**Exercise instructions:** Give the listing again word for word, excluding the pictures it contains.

**Data excerpt:**
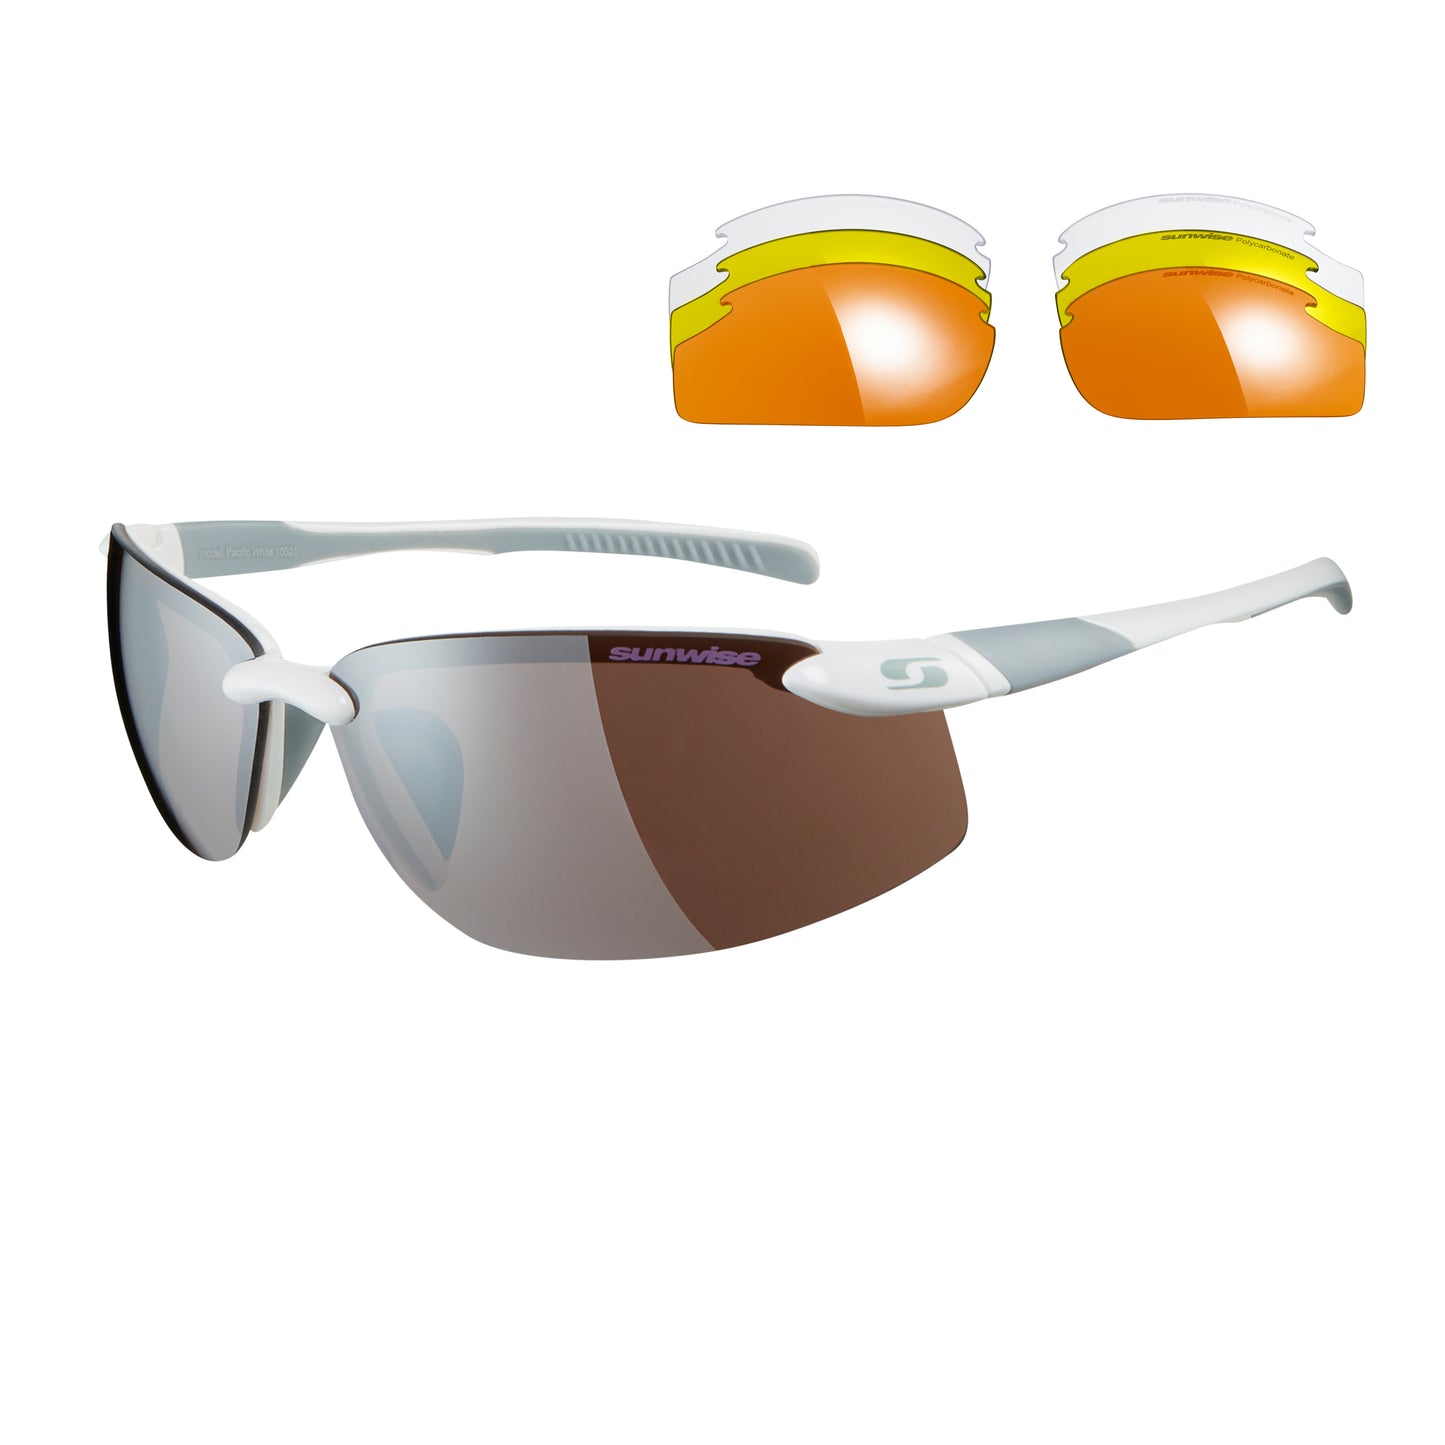 Sunwise Pacific sports sunglasses in white with interchangeable lenses
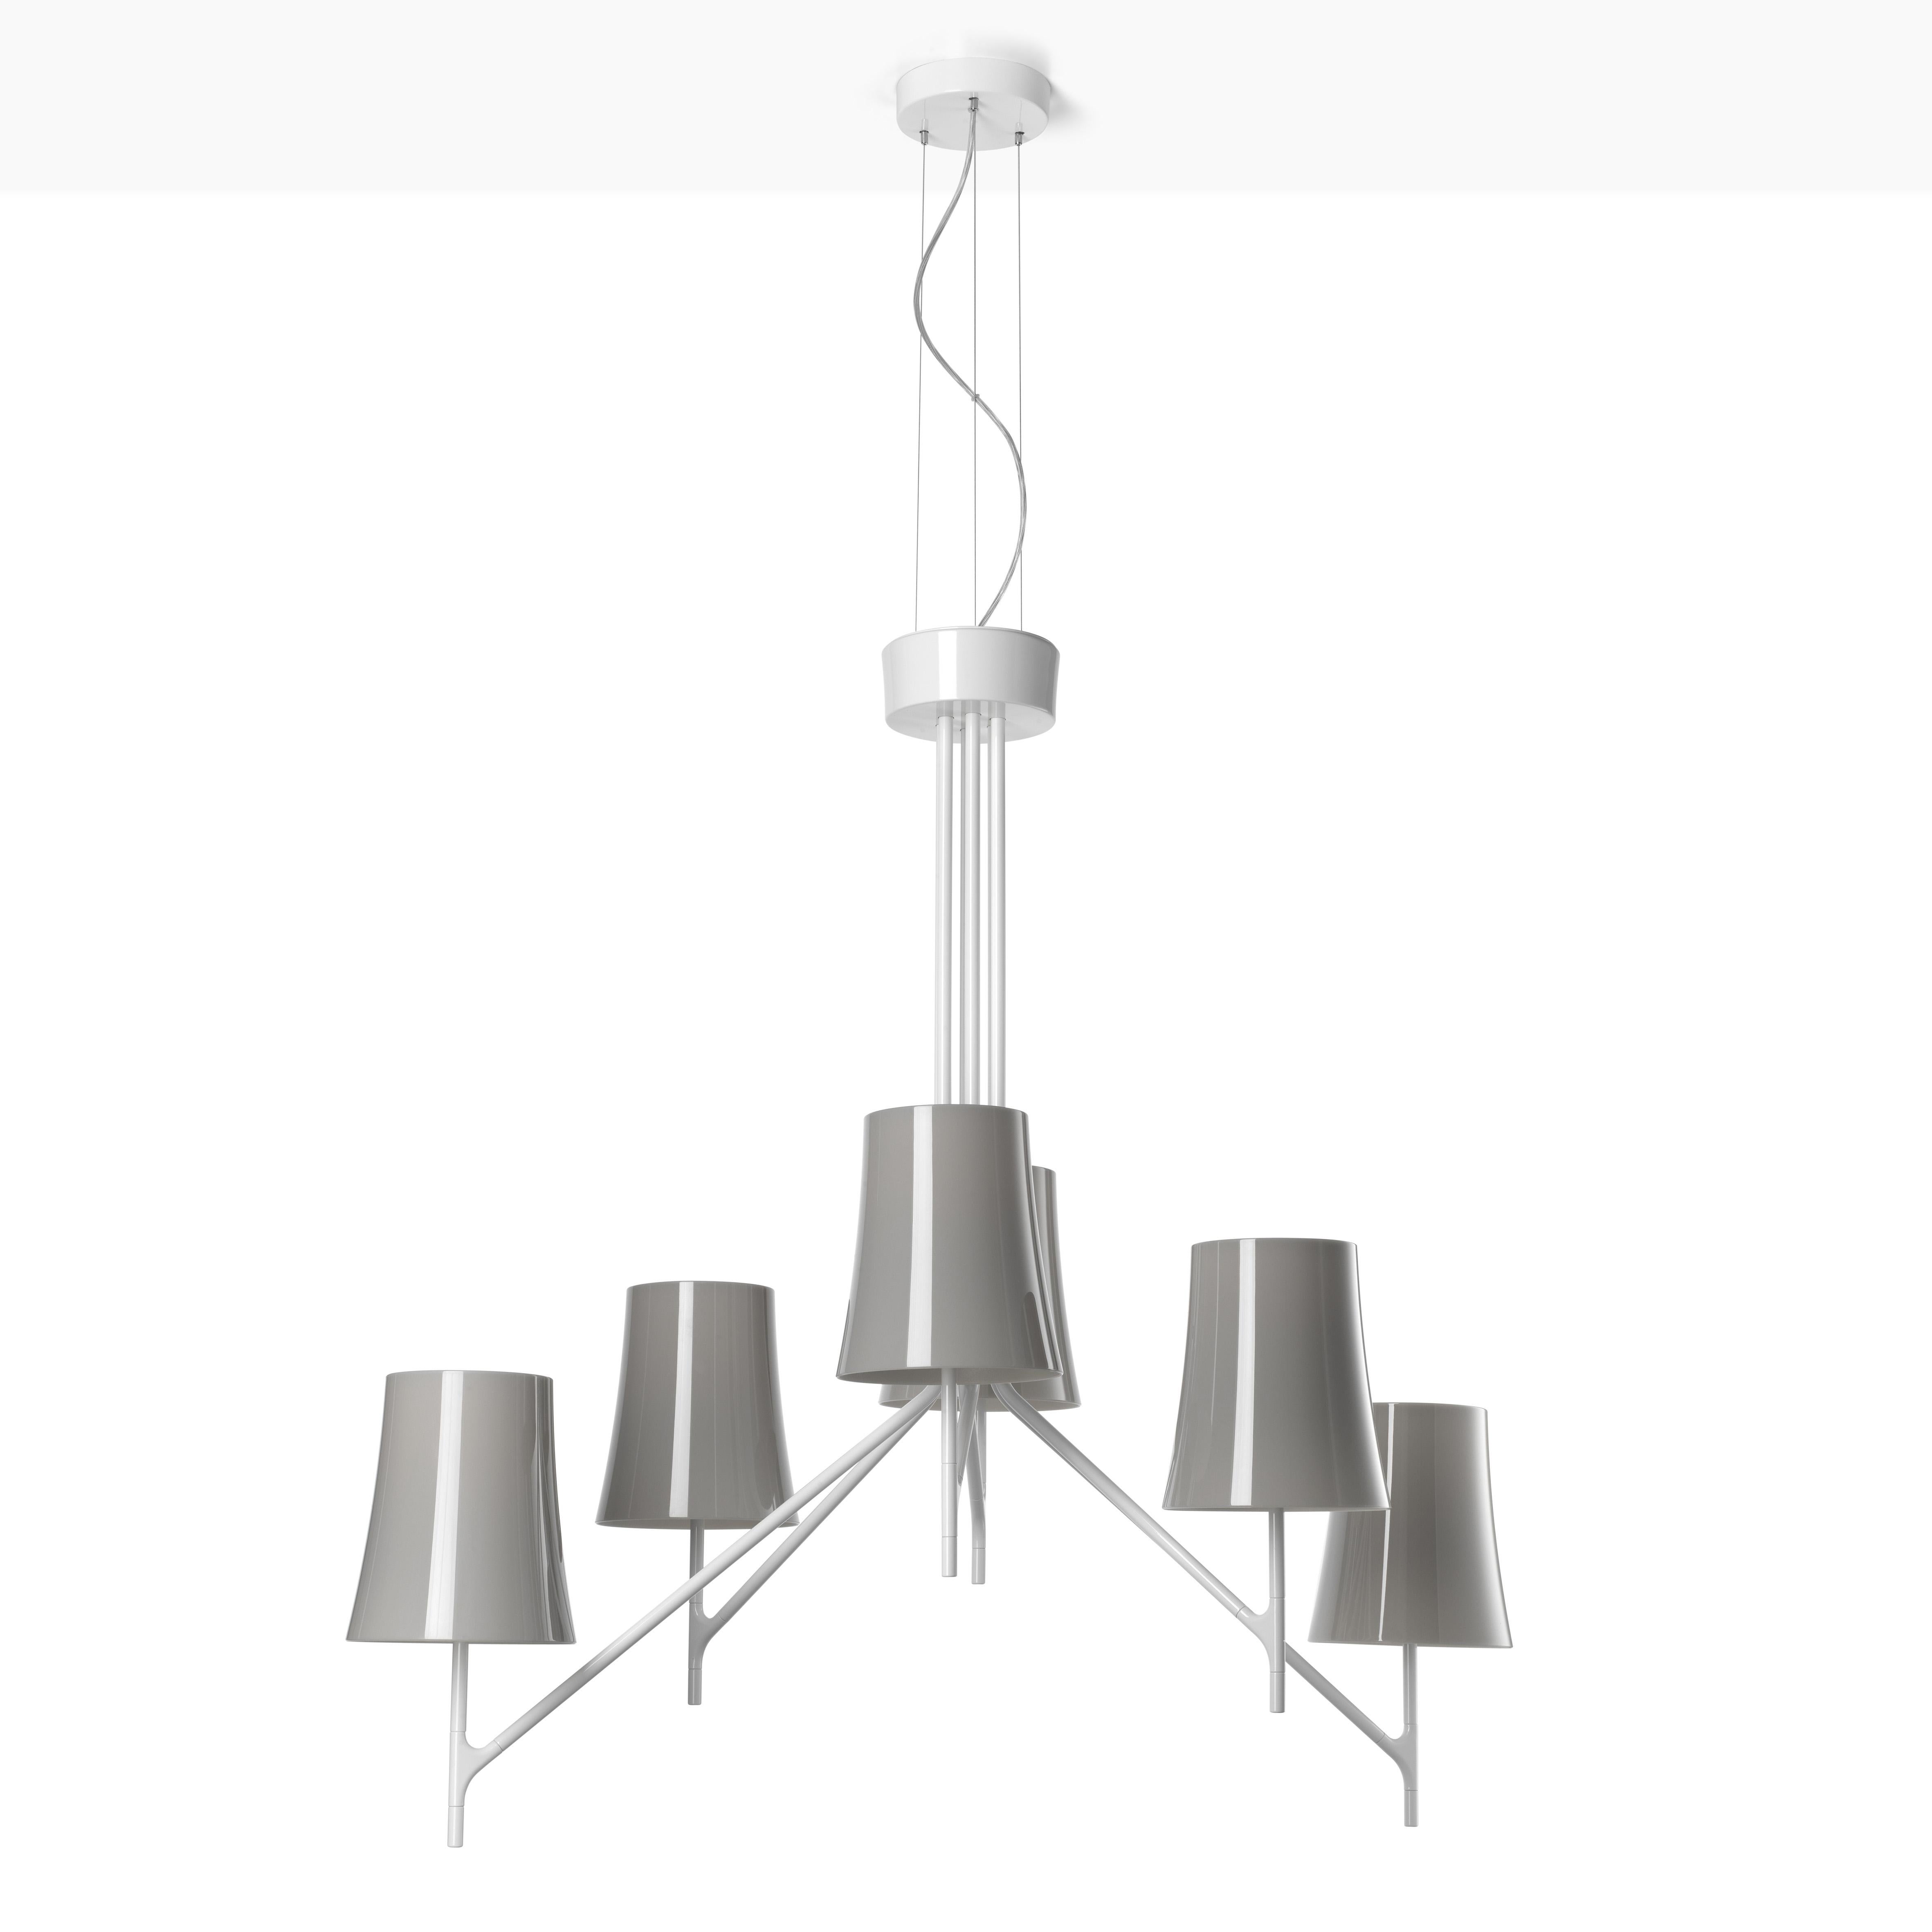 System of diffused light ceiling lamps, available in compositions with 3, 6, 9 arms with rods of 3 different lengths; the versions are achieved by combining several sizes. Metal ceiling flange and aluminum rod, both epoxy powder coated. Opaline
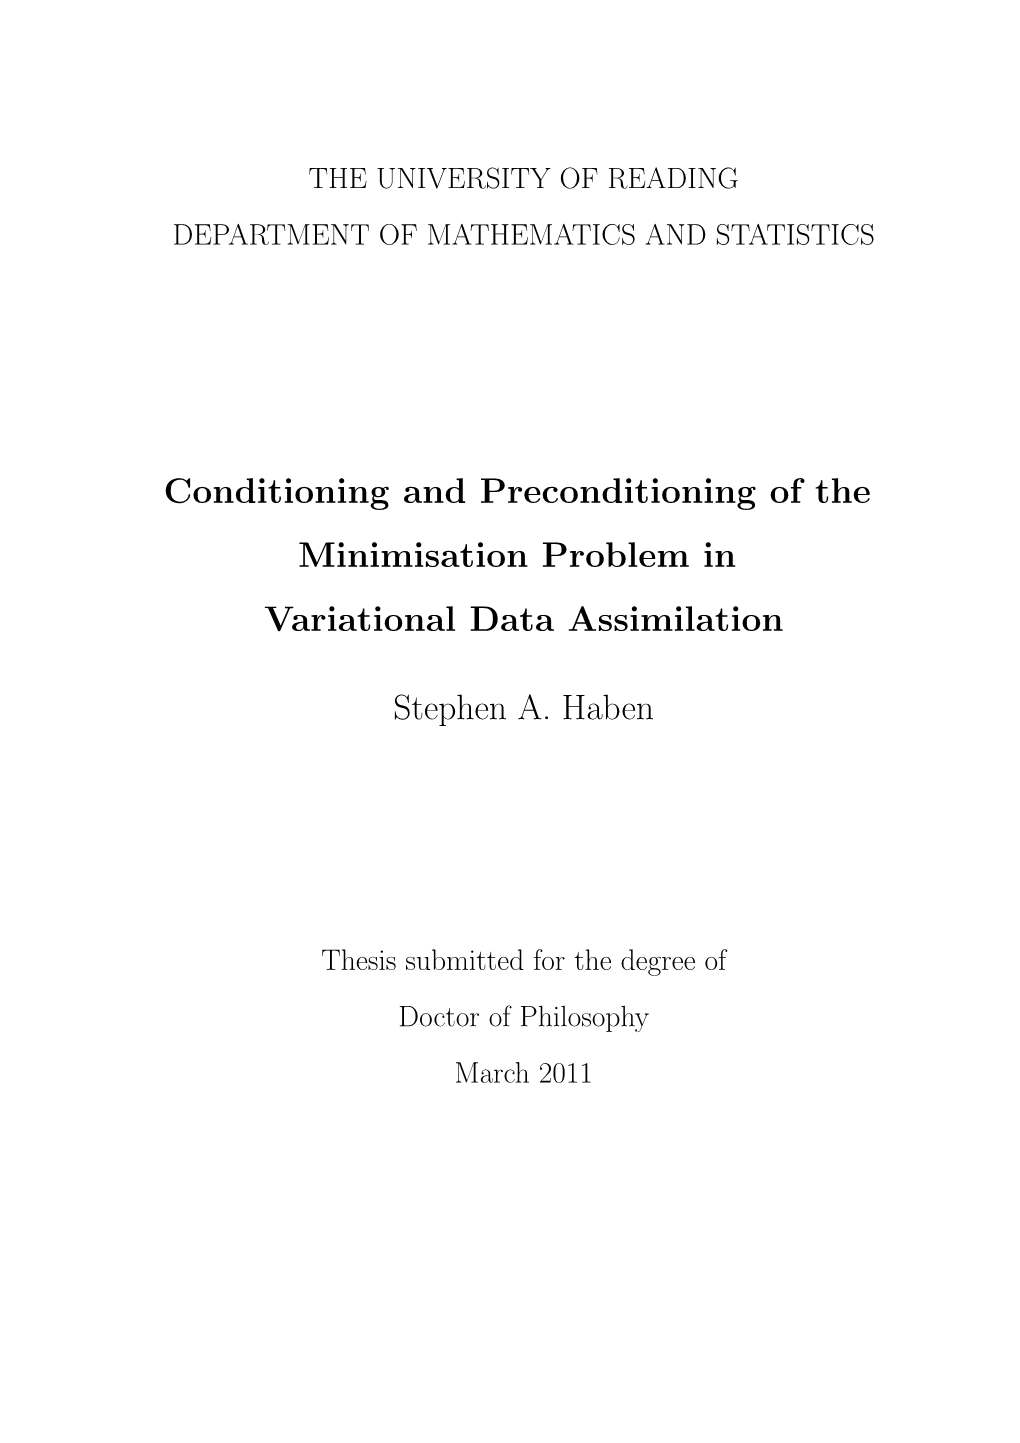 Conditioning and Preconditioning of the Minimisation Problem in Variational Data Assimilation Stephen A. Haben

**Reply to the exercise:**
 Sunwise Pacific sports sunglasses in white with interchangeable lenses
 System of diffused light ceiling lamps, available in compositions with 3, 6, 9 arms with rods of 3 different lengths; the versions are achieved by combining several sizes. Metal ceiling flange and aluminum rod, both epoxy powder coated. Opaline
 Conditioning and Preconditioning of the Minimisation Problem in Variational Data Assimilation Stephen A. Haben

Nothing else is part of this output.